Uncertainties and shortcomings of ground surface temperature histories derived from inversion of temperature logs
Andreas Hartmann, Volker Rath

TL;DR
This paper evaluates the uncertainties in deriving ground surface temperature histories from borehole data, emphasizing the importance of log depth and data quality for accurate climate reconstructions.
Contribution
It provides a rigorous assessment of the main uncertainty sources in temperature log inversion and highlights the importance of log depth and data noise.
Findings
Deeper logs (>3000 m) improve inversion accuracy for 1000-100000 year periods.
Heat production has minimal impact on inversion results.
Shallower logs (<300 m) are more affected by noise, limiting recent climate reconstructions.
Abstract
Analysing borehole temperature data in terms of ground surface history can add useful information to reconstructions of past climates.

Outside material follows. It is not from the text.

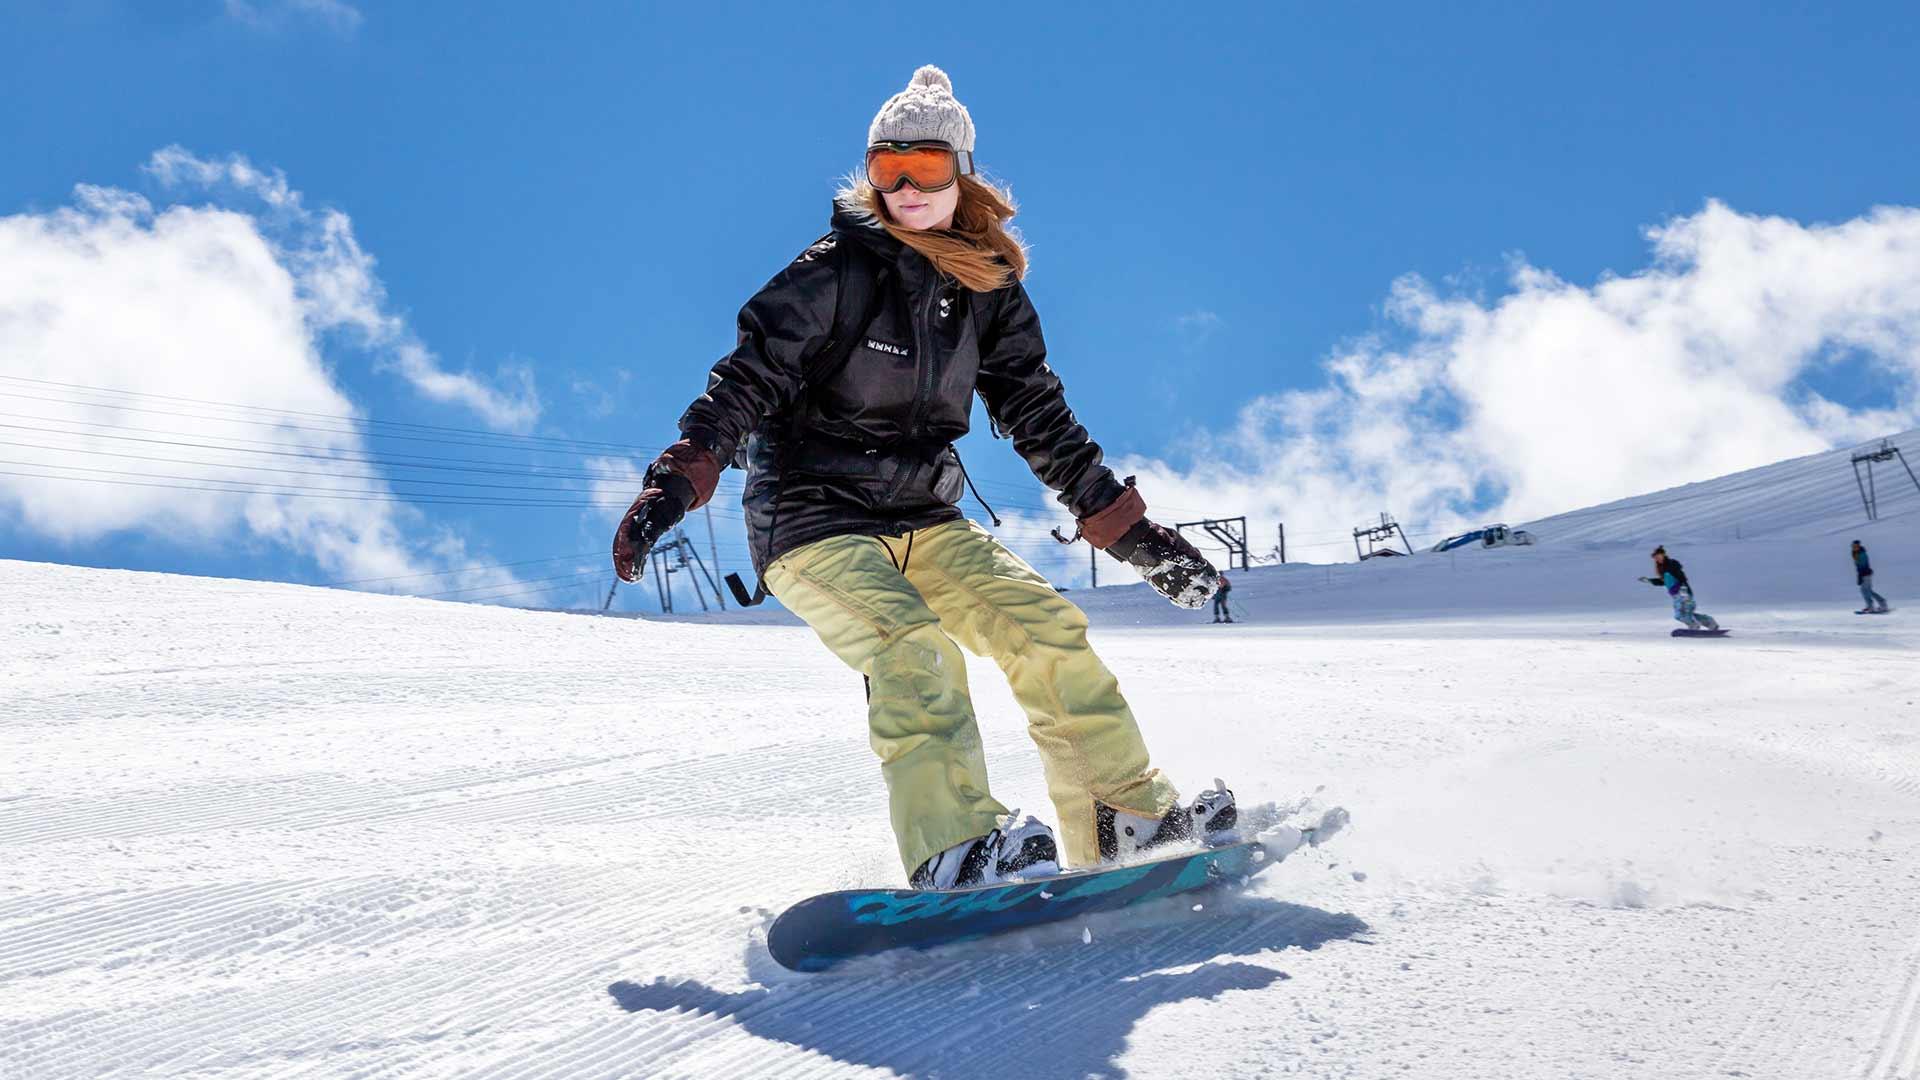 Skiurlaub in Meran & Umgebung - Snowboarden
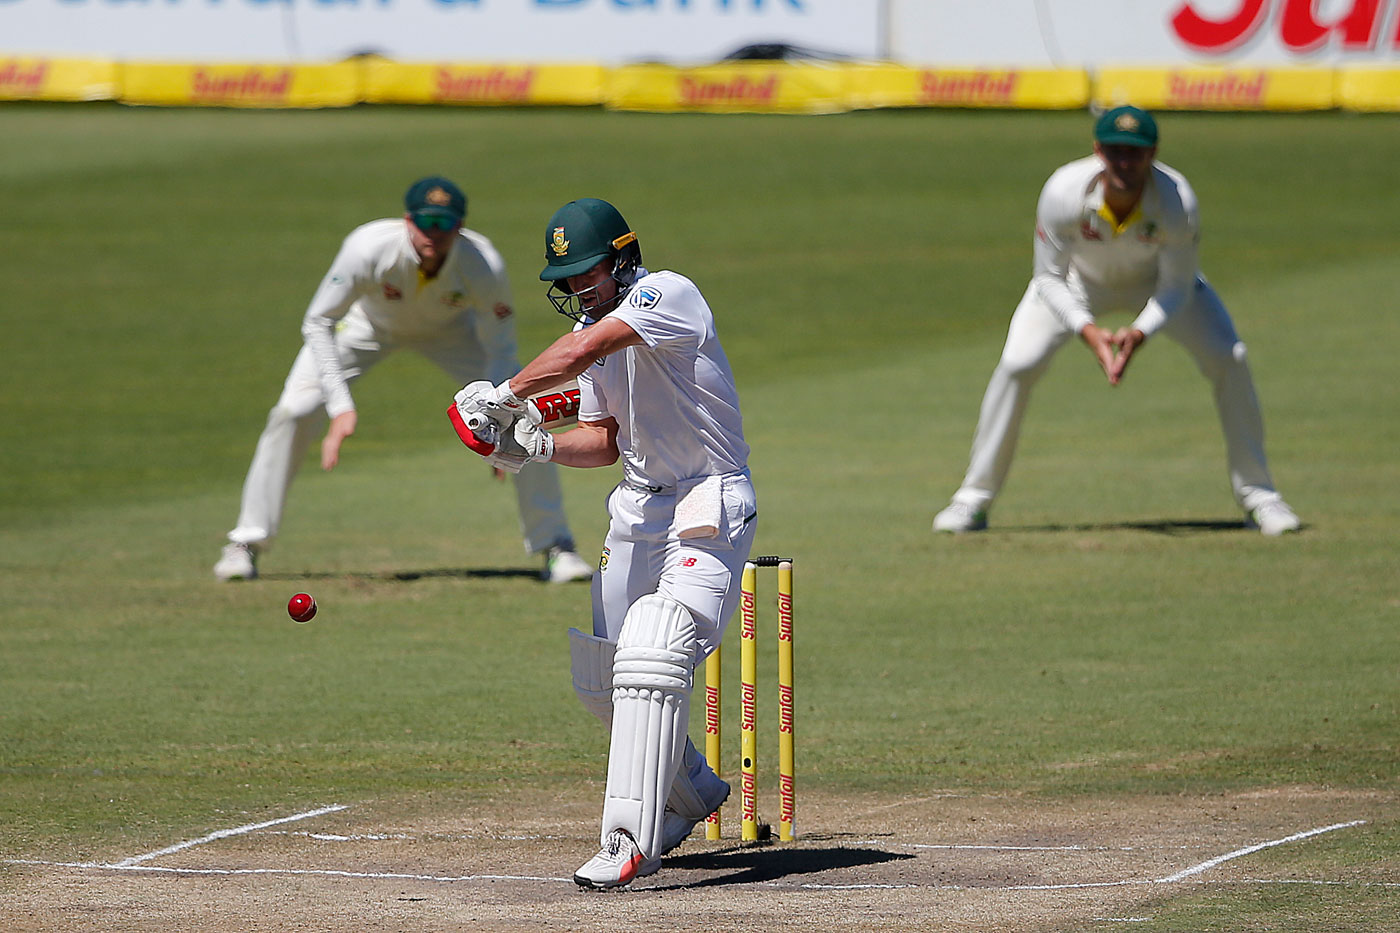 South Africa vs Australia 2nd Test Day 4 Highlight

Therefore, a rigorous assessment of uncertainties and error sources is a necessary prerequisite for the meaningful interpretation of such ground surface temperature histories. This study analyses the most prominent sources of uncertainty. The diffusive nature of the process makes the inversion relatively robust against incomplete knowledge of the thermal diffusivity. Similarly the influence of heat production is small. It turns out that for investigations of the last 1000 to 100000 years the maximum depth of the temperature log is crucial. More than 3000 m are required for an optimal inversion. Reconstructions of the last one or two millennia require only modestly deep logs (>300 m) but suffer severely from noisy data.